I have one little worrier in my pack of small children. They can all be emotional and upset at times. But I have one who worries, and worries! If we are headed to storytime at the library, he starts worrying. “Can I stay with you?” “I want to sit right beside you!” “Do I have to do the craft?” … all in a super-whiny voice.

I recently drove 5 hours with all 4 kids (I still feel proud and grown up!) to stay with my mom for a few days. At their church one evening, they had a youth night for children of all ages. My oldest, non-worrying son wanted to go, so we went. On the way there, the little worrier in the back seat kept asking the Mom in the front seat worry-type questions about the evening.
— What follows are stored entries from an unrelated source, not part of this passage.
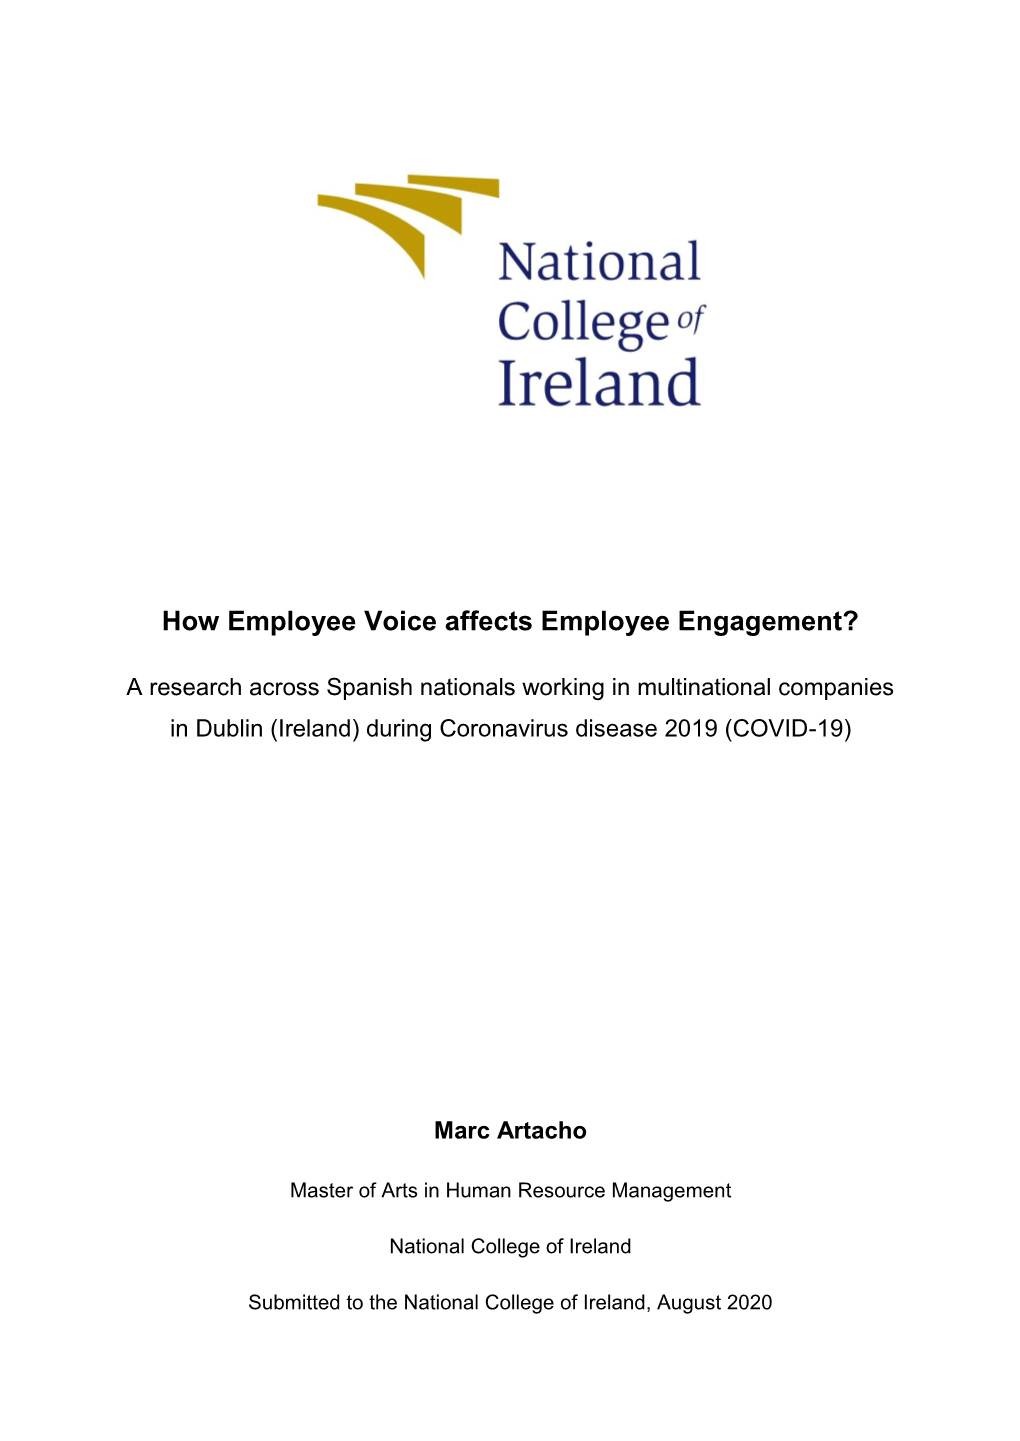 How Employee Voice Affects Employee Engagement?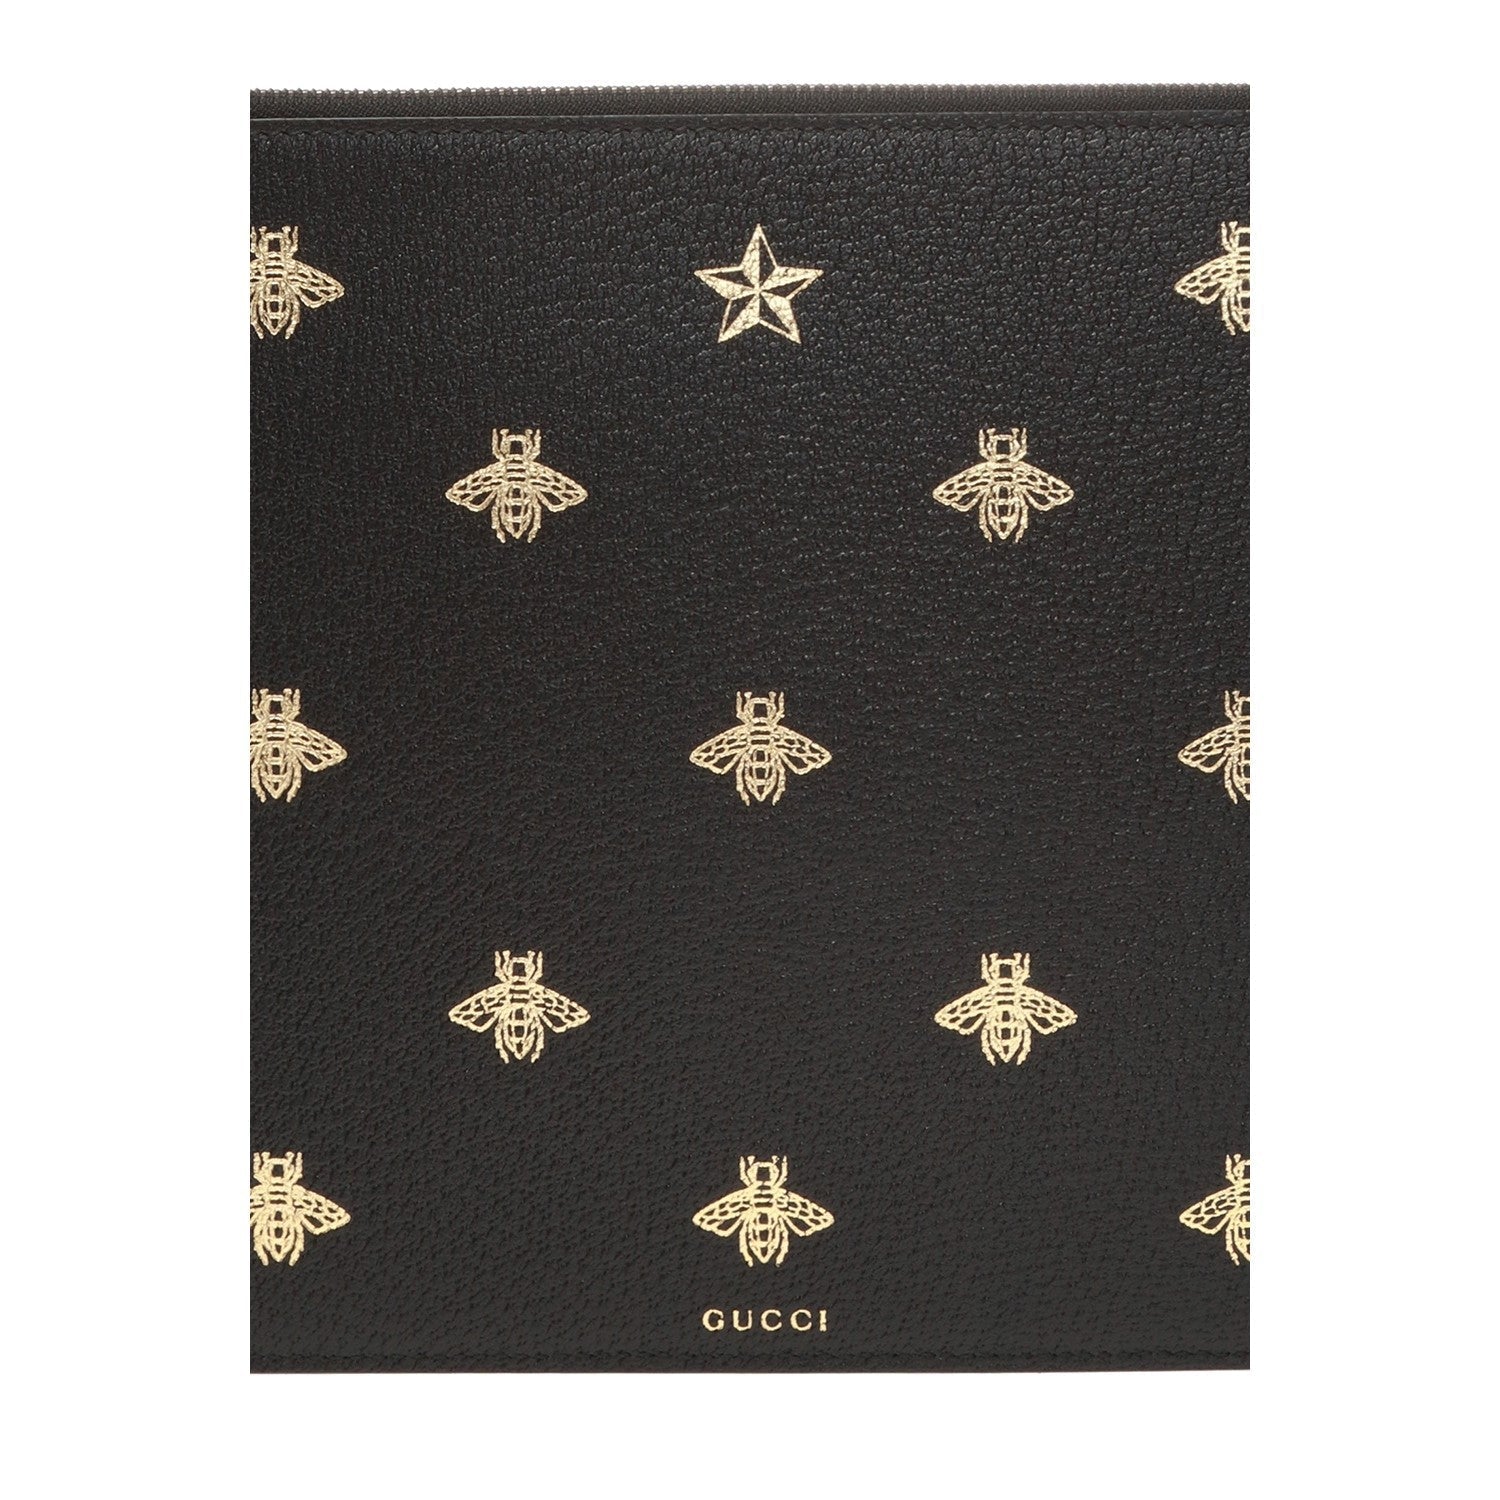 Gucci Black Leather Bee Star Motif Gold Pouch Wristlet Bag 495066 at_Queen_Bee_of_Beverly_Hills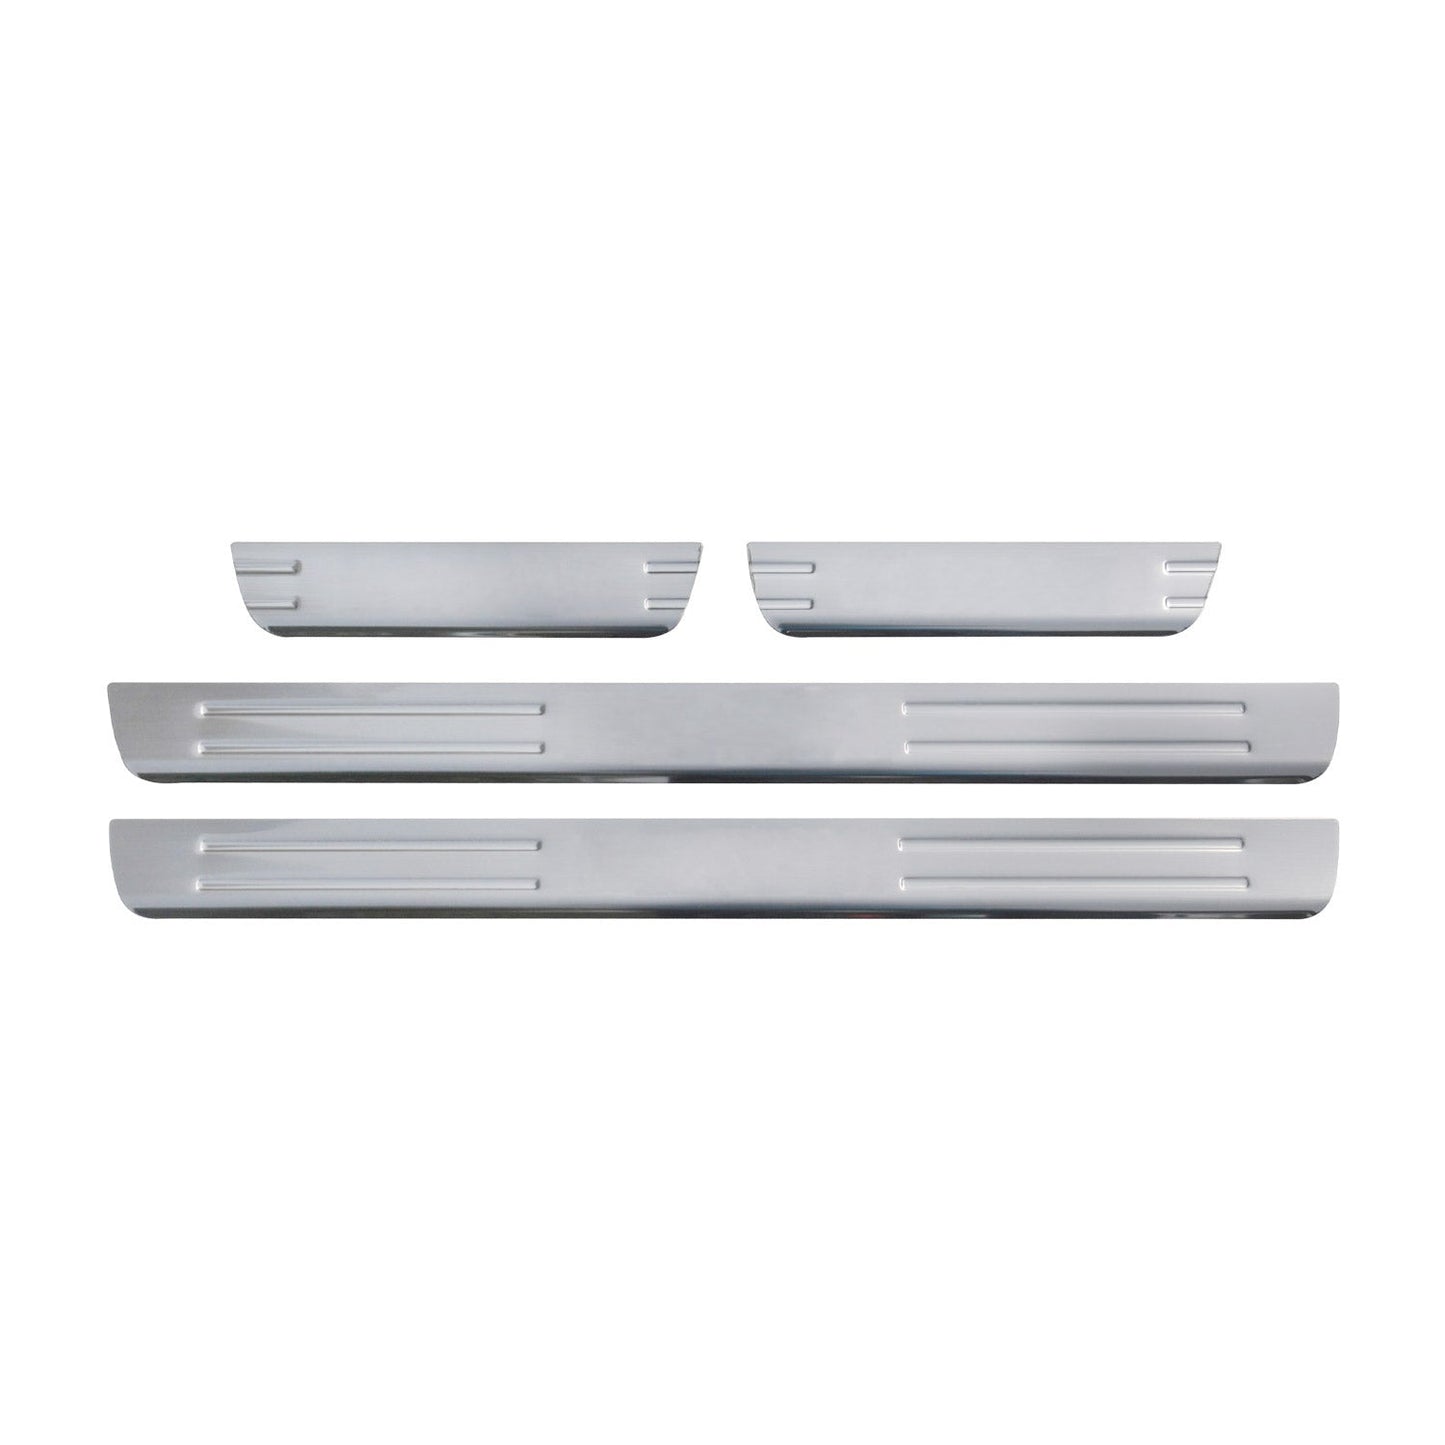 OMAC Door Sill Scuff Plate Scratch Protector for Mitsubishi Lancer Silver 4Pcs Steel '4902091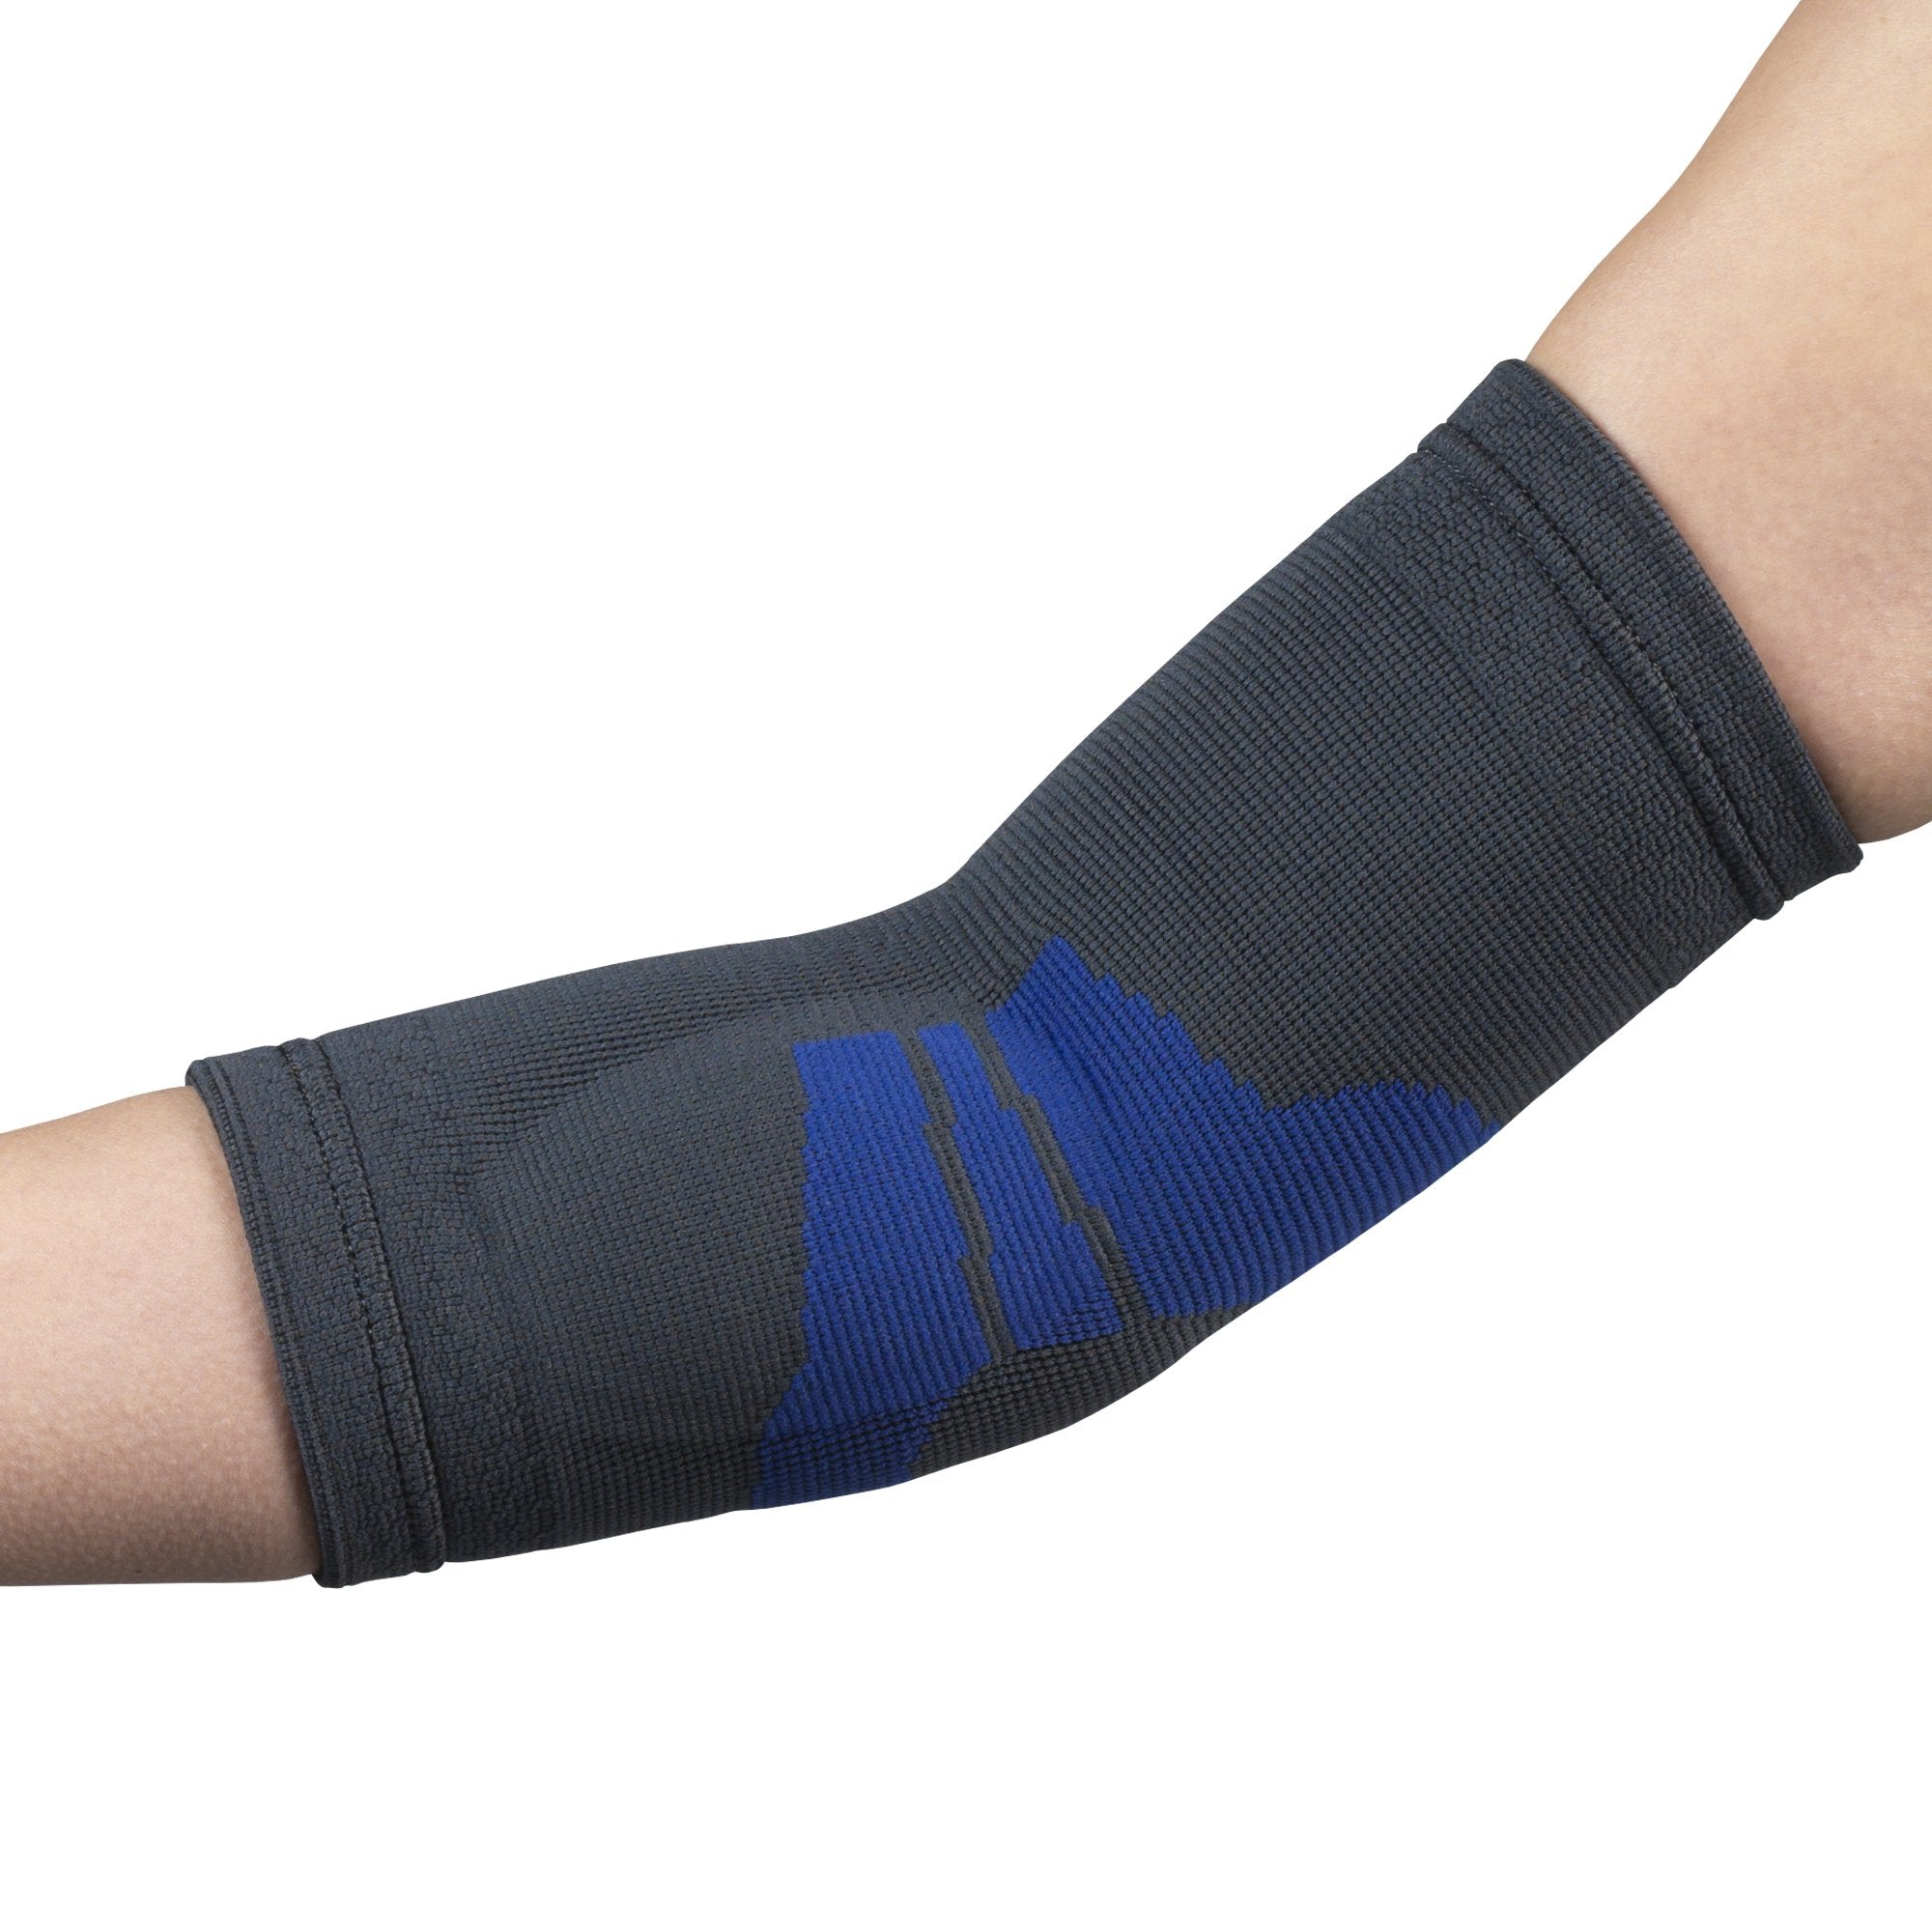 Ea/1 Otc Elastic Elbow Support With Gel Insert Small (9 - 10 1/4

“Can I stay with you the whole time?” “Do I have to play games?” “Will you be in the same room with me?”… all in a super-whiny voice.

I gently tried to reassure him that it would be fun, I would be right with him, and he would love playing the games. But he just kept on, and on.

I finally said, “I am bigger than you, and I know what this evening is going to be like. You will be fine. You need to trust me! I have it all figured out, so stop worrying!”

Then he fell asleep.

Immediately as I said those words, the Lord pointed that little finger right back at me. How many times have I worried about a situation beyond my control? How many times have I tried to ask or tell God what I need Him to do? How many times have I asked for His reassurance, although He has promised His presence over, and over again?!

It was like Jesus said to me, from the front seat, “I am bigger than you, and I know what your life is going to be like. You will be fine. You need to trust me! I have it all figured out!”

Just remember, dear moms, that the Lord is bigger than we are, and He has it all figured out.